Bad data is more common than most organizations want to admit. And more costly. Decisions get made on outdated numbers, reports contradict each other, and engineers spend hours tracking down why a dashboard looks wrong. Data quality management is how you prevent all of that from becoming the norm.
What is Data Quality Management?
Data quality management (DQM) is the practice of making sure data is accurate, consistent, complete, and fit for purpose. It covers the processes, tools, and standards used to measure data quality, identify problems, and fix them (ideally before bad data has a chance to cause damage downstream).
Importantly, it’s not a one-time project. It’s an ongoing discipline.
What “Good Data” Actually Means
Data quality isn’t just about whether a number looks right. It’s measured across several dimensions:
| Dimension | What It Means |
|---|---|
| Accuracy | Does the data correctly reflect the real world? |
| Completeness | Are all required fields present, with no critical gaps? |
| Consistency | Does the data match across different systems and sources? |
| Timeliness | Is the data current enough to be useful for its intended purpose? |
| Validity | Does the data conform to the expected format, type, or range? |
| Uniqueness | Are there duplicate records that shouldn’t exist? |
A dataset can pass on some of these dimensions and fail on others. A customer list might be accurate and complete, but full of duplicates. A financial report might be consistent across systems but three days stale. Good DQM keeps tabs on all of these.
Why It’s Important
The downstream impact of poor data quality is significant and often underestimated:
- Wrong business decisions – if the data feeding your reports is inaccurate, the decisions based on those reports will be too
- Wasted engineering time – data teams spend a disproportionate amount of time cleaning and fixing data rather than building useful things
- Damaged customer trust – sending a customer an email with the wrong name, wrong order, or wrong account details erodes confidence fast
- Compliance risk – regulators expect accurate records; bad data in regulated industries can mean real legal exposure
- Failed AI and ML models – machine learning models are only as good as the data they’re trained on; garbage in, garbage out
The Data Quality Management Process
The DQM process is a cycle that looks something like this:
- Profile: Assess your data to understand what you’re working with. What’s missing? What looks off? Where are the inconsistencies?
- Define standards: Establish what “good” looks like for each dataset. What fields are required? What formats are acceptable? What counts as a duplicate?
- Cleanse: Fix the problems you’ve found. Fill gaps, correct errors, remove duplicates, standardize formats.
- Monitor: Set up ongoing checks so you know when data quality degrades. Don’t wait for someone to notice a bad report.

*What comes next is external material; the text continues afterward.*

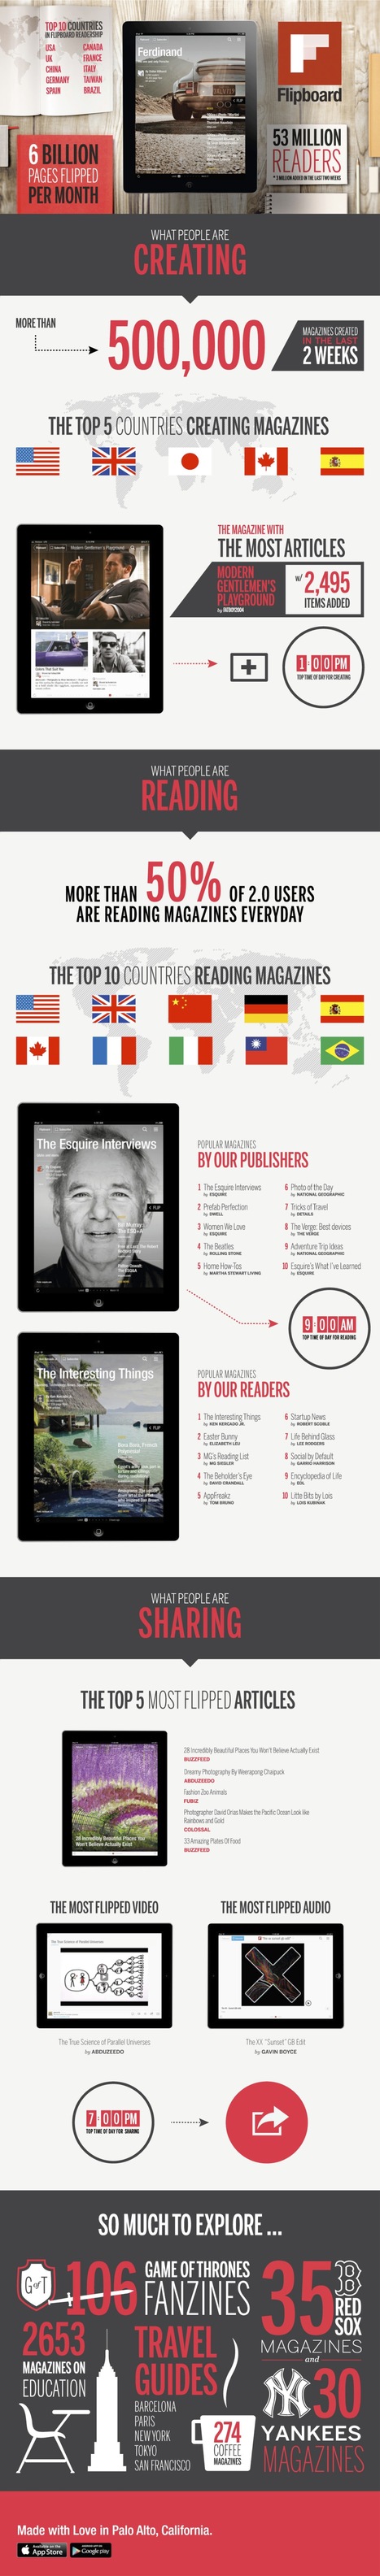 The State of Flipboard and Rise of Mobile Curation | Dashburst | World's Best Infographics | Scoop.it

- Resolve and improve: When issues surface, trace them to the root cause and fix it at the source, not just the symptom.
Data Quality vs. Data Governance
These two are closely related and often confused:
- Data governance sets the policies and standards. It defines what good data quality looks like and who’s responsible for it.
- Data quality management is the operational work of actually measuring and maintaining that quality.
Governance is the rulebook. DQM is playing the game according to it.
Common Root Causes of Poor Data Quality
Understanding where bad data comes from makes it easier to fix at the source:
| Root Cause | Example |
|---|---|
| Manual data entry | A sales rep types a phone number incorrectly into the CRM |
| System migrations | Fields don’t map cleanly when moving from one platform to another |
| Multiple data sources | Two systems use different formats for the same customer ID |
| No input validation | A form accepts any value in a field that should have strict rules |
| Lack of ownership | Nobody is accountable for a dataset, so nobody maintains it |
| Schema changes | A source system changes its structure without notifying downstream teams |
Popular Data Quality Tools
Several platforms are purpose-built for measuring and managing data quality. Here are some of the most widely used:
| Tool | Best For |
|---|---|
| Great Expectations | Open-source data validation and testing |
| Monte Carlo | Automated data observability and anomaly detection |
| Talend | Data integration with built-in quality management |
| Informatica | Enterprise-scale data quality and profiling |
| dbt | Testing and validating data transformations in your pipeline |
| Soda | SQL-based data quality checks across your data stack |
Where to Start
If your organization doesn’t have a formal DQM practice yet, the worst thing you can do is try to fix everything at once. Start with the data that matters most. These are the datasets that feed your most critical reports, decisions, or customer-facing systems.
From there, profile that data to understand its current state, define what good looks like, and put basic monitoring in place. Even simple, automated checks that alert you when something looks wrong are vastly better than finding out about data problems through a confused executive or an angry customer.
Data quality is never perfect, but it’s always improvable. The goal is a consistent, honest view of how your data is doing, as well as the processes to make it better over time.